高燃耗下核燃料颗粒内部的应力状态及关键影响因素研究

Stress State and Key Influencing Factor in High Burnup Nuclear Fuel Particle

高燃耗是先进反应堆堆芯的发展方向,高燃耗下核燃料内部微结构的精细化建模是燃料强度分析和性能评估的基础。本研究开发了高燃耗燃料颗粒微结构的自动化建模和力学计算程序,综合考虑燃料颗粒内气孔尺寸、位置的非均匀分布特征,系统分析了基体材料的力学性能、燃料颗粒间距、运行环境静水压力及裂变碎片损伤层对燃料颗粒开裂行为的影响规律。
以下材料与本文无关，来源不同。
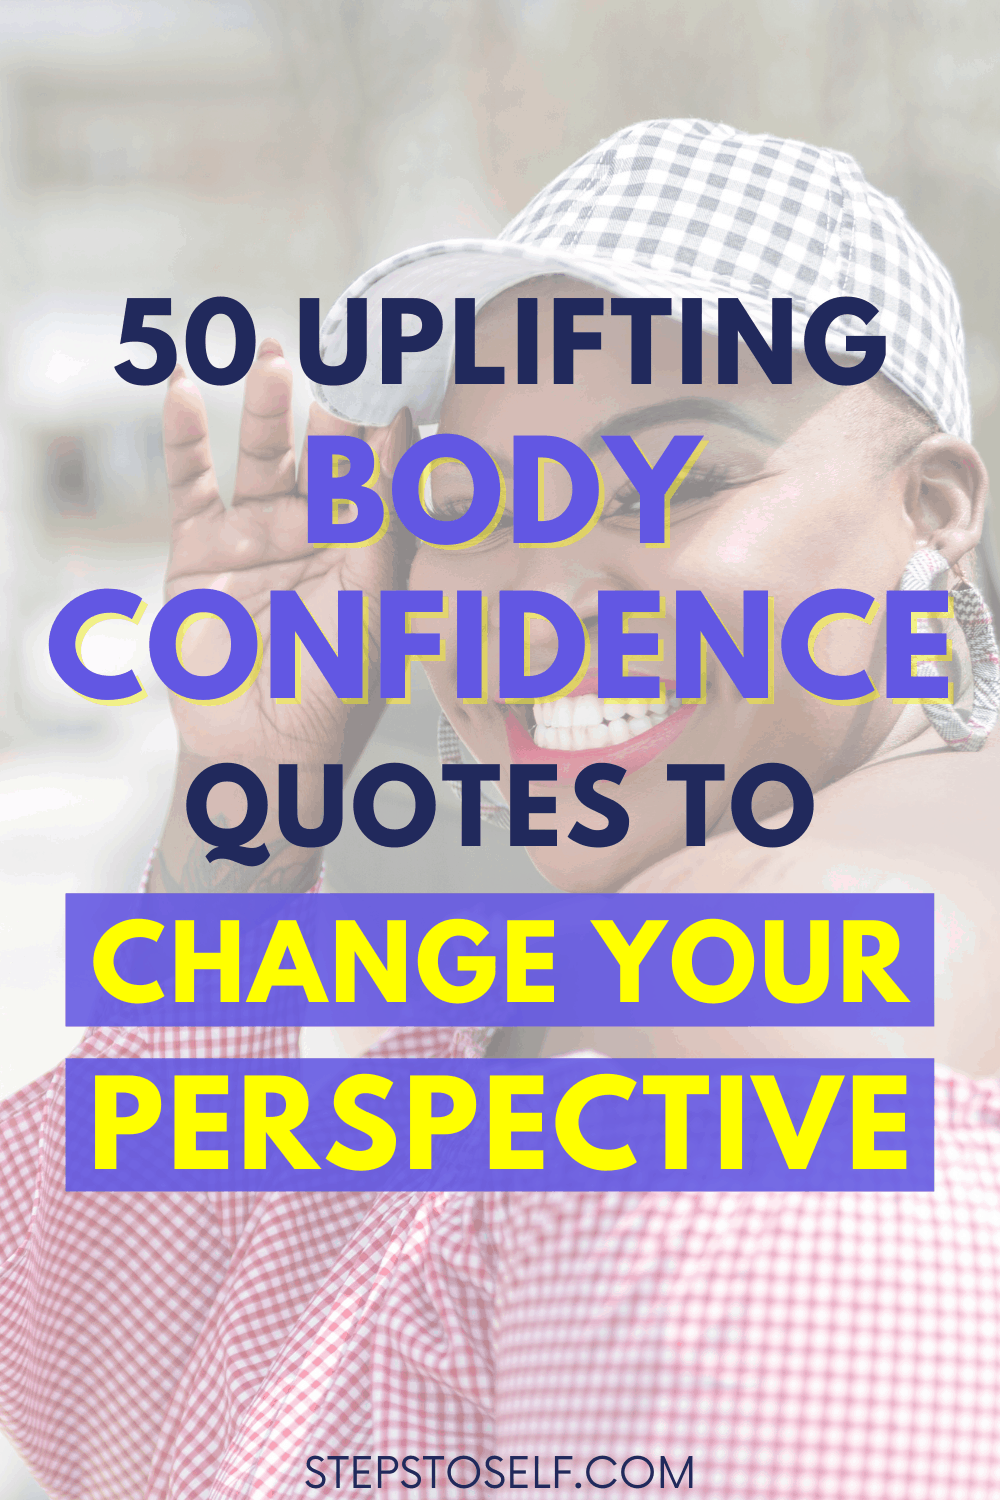 50 Uplifting Body Confidence Quotes to Change Your Perspective

结果表明:燃料颗粒间距越大,燃料颗粒越不易开裂;裂变碎片损伤层的存在使得燃料颗粒开裂风险小幅增大;燃料颗粒内气孔尺寸、位置分布的非均匀性,会导致燃料颗粒从多处开裂,且颗粒在外层开裂的概率更大;开裂危险区普遍具有气孔尺寸较大且大气孔串联的特征;基体材料对燃料颗粒表面作用的约束压应力具有较大的波动性,但应力均值随燃料元件所受静水压力的增大而近乎线性增大;增大弥散燃料基体材料的弹性模量可在一定程度上抑制燃料颗粒的开裂行为;燃料元件所受静水压应力越大,燃料颗粒越不易开裂,而燃料颗粒间距缩小能削弱环境压应力的影响程度。本工作为高燃耗条件下弥散燃料安全评估及优化设计提供了分析方法及数值参考。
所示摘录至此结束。